[Raw data — start]

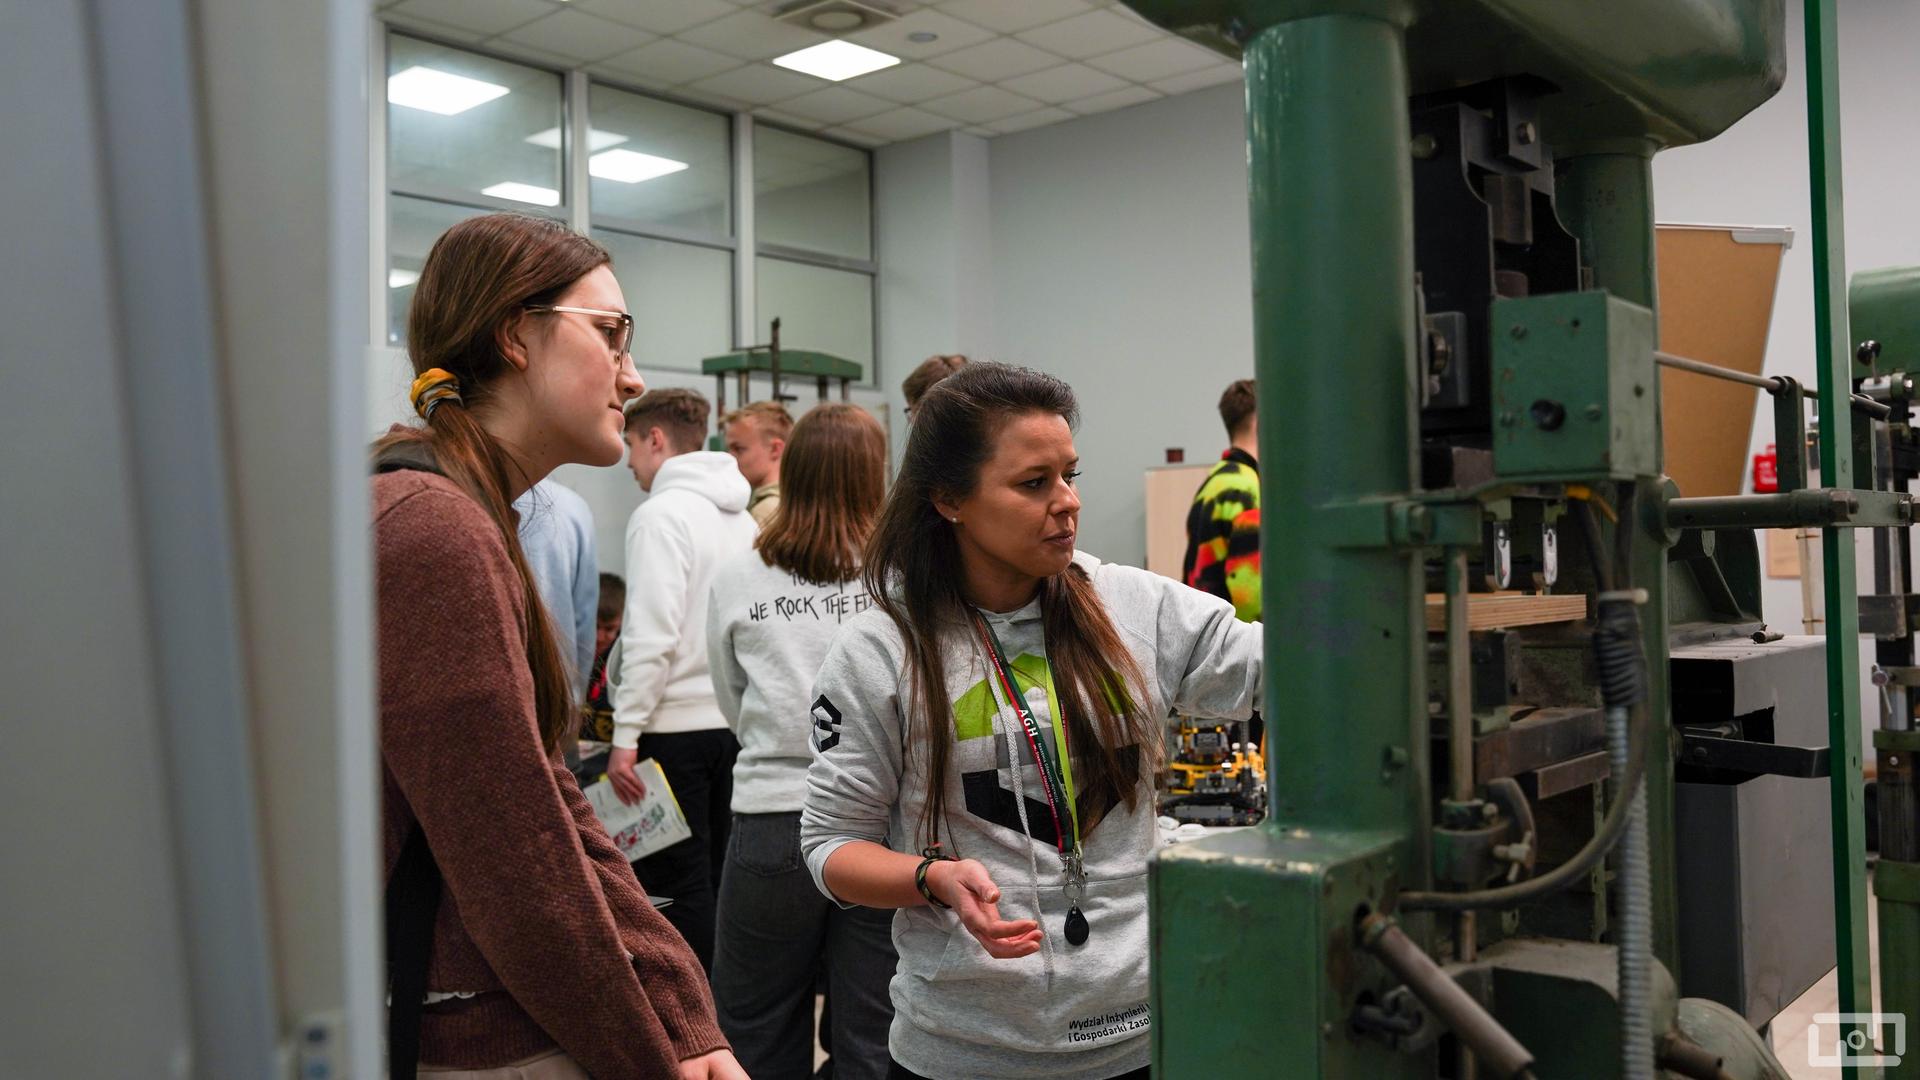 Na zdjęciu widać pracowniczkę Wydziału Inżynierii Lądowej i Gospodarki Zasobami ubraną w szara bluzę wydziałową. Kobieta wyjaśnia młodym ludziom działanie urządzenia. Po prawej stronie kobiety znajduje się maszyna wytrzymałościowa.
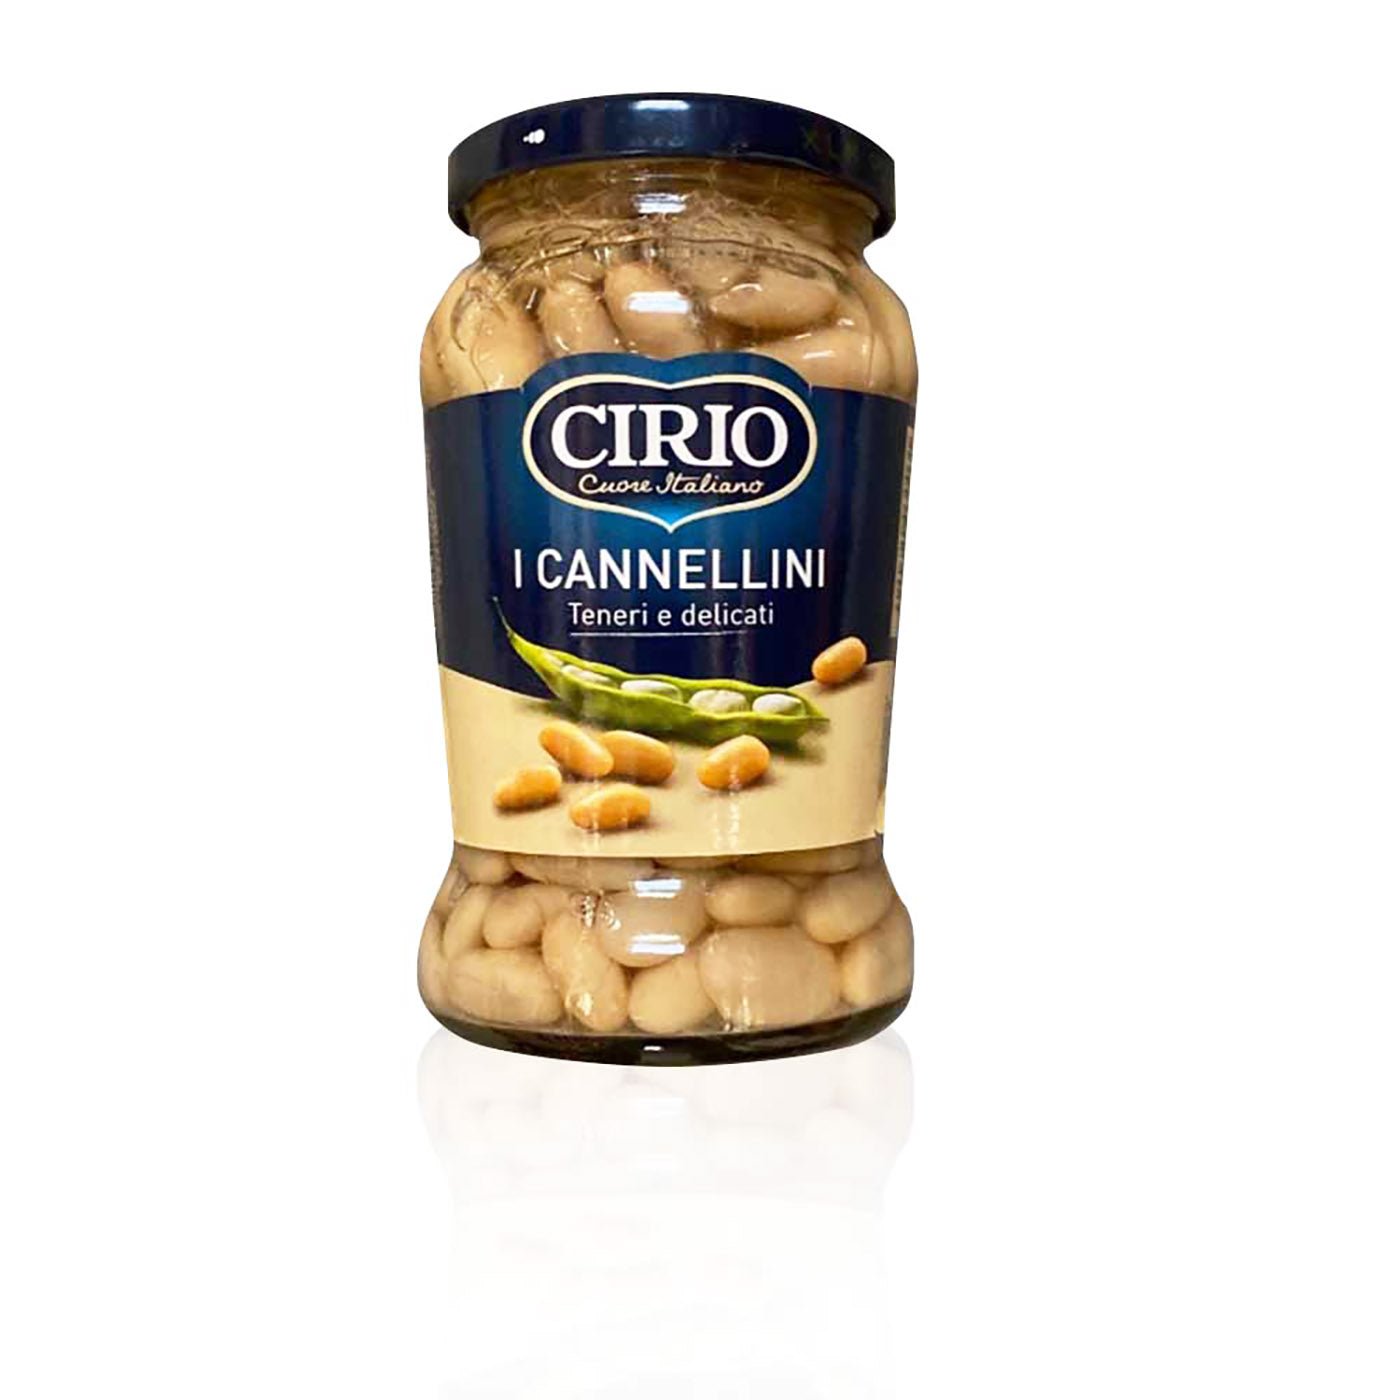 CIRIO - I Cannellini - 0,37kg - italienisch-einkaufen.de
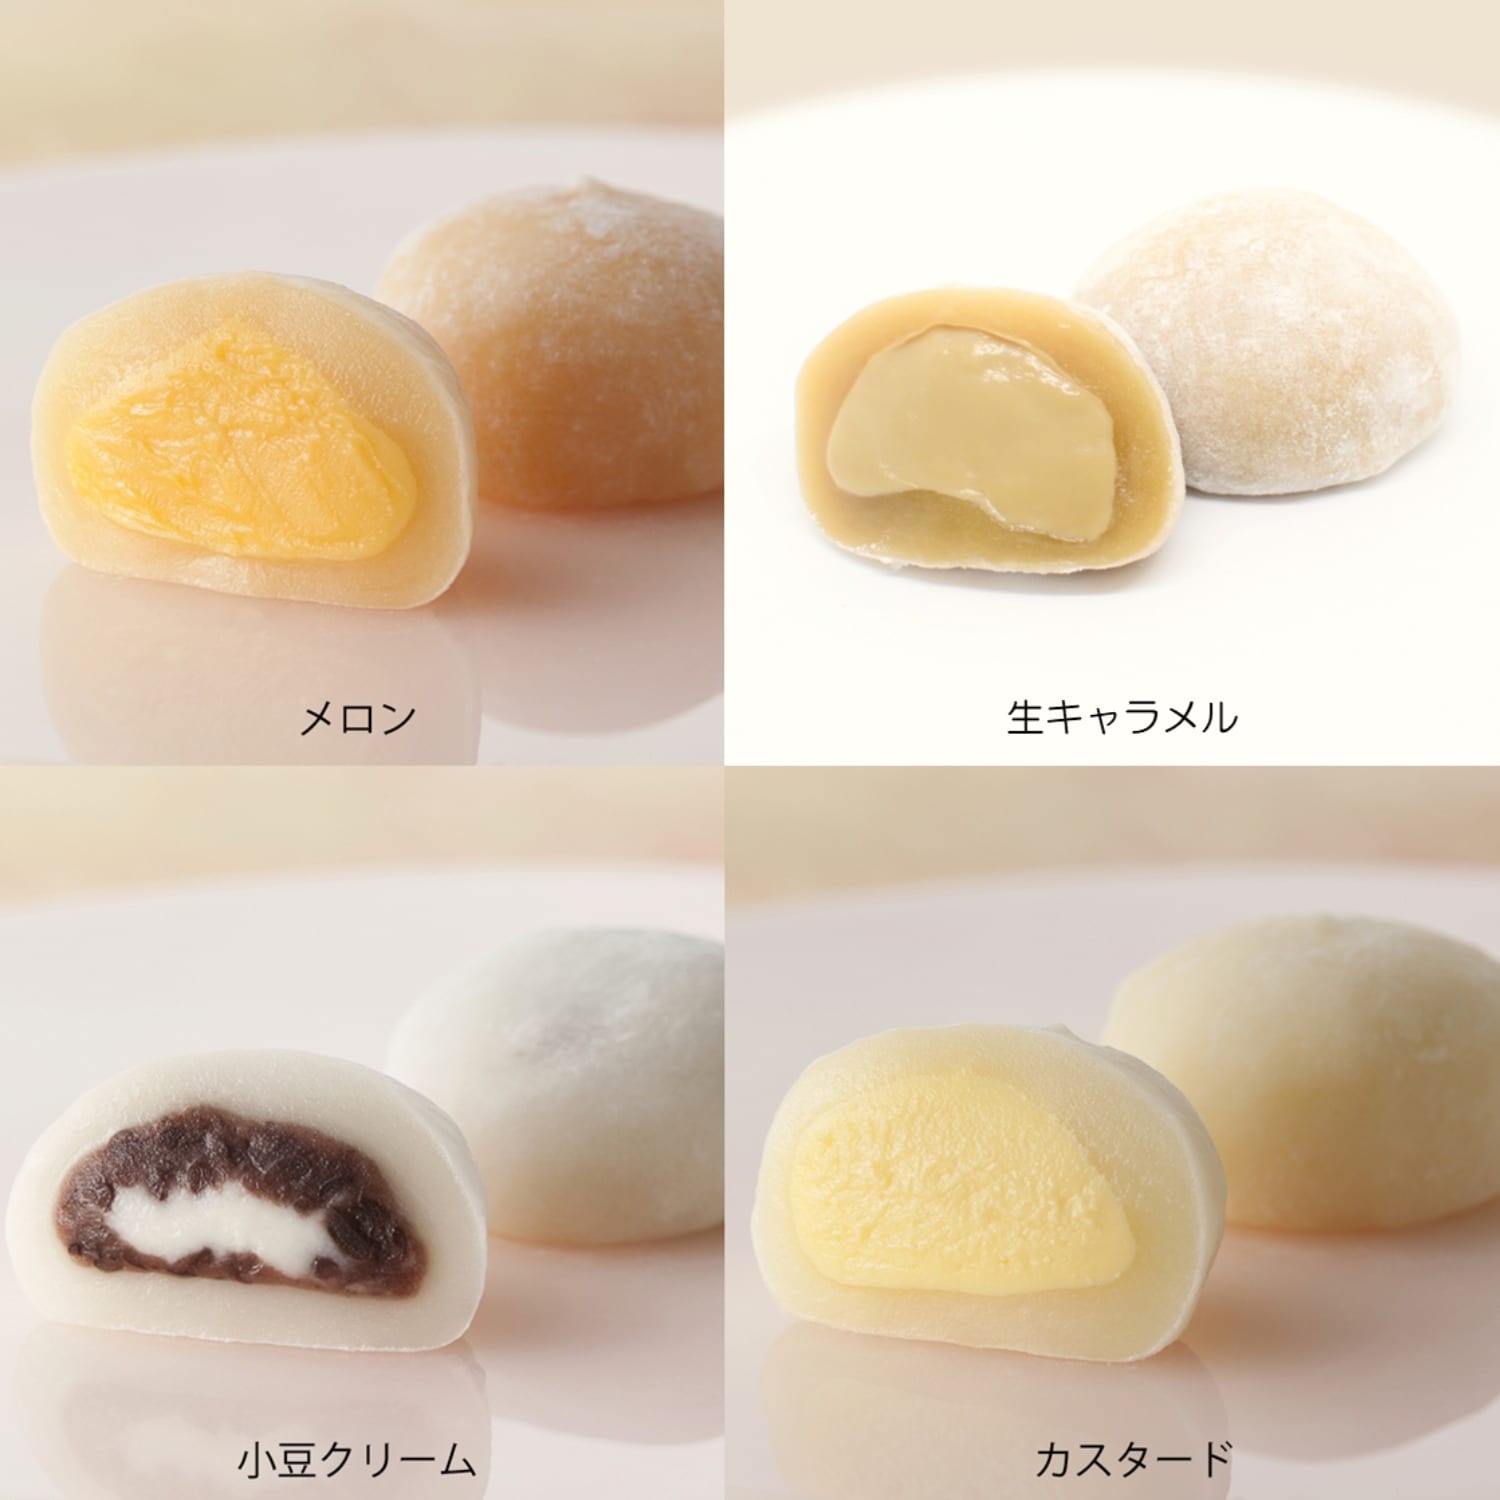 【北の麩本舗】4つの味わい 北海道ふわふわ大福セット4種 16個画像

[Raw data — finish]

▸ Instructions to follow
Only the pictures are to be omitted; restate everything else above exactly.

▸ Response to this task
 Na zdjęciu widać pracowniczkę Wydziału Inżynierii Lądowej i Gospodarki Zasobami ubraną w szara bluzę wydziałową. Kobieta wyjaśnia młodym ludziom działanie urządzenia. Po prawej stronie kobiety znajduje się maszyna wytrzymałościowa.
 CIRIO - I Cannellini - 0,37kg - italienisch-einkaufen.de
 【北の麩本舗】4つの味わい 北海道ふわふわ大福セット4種 16個画像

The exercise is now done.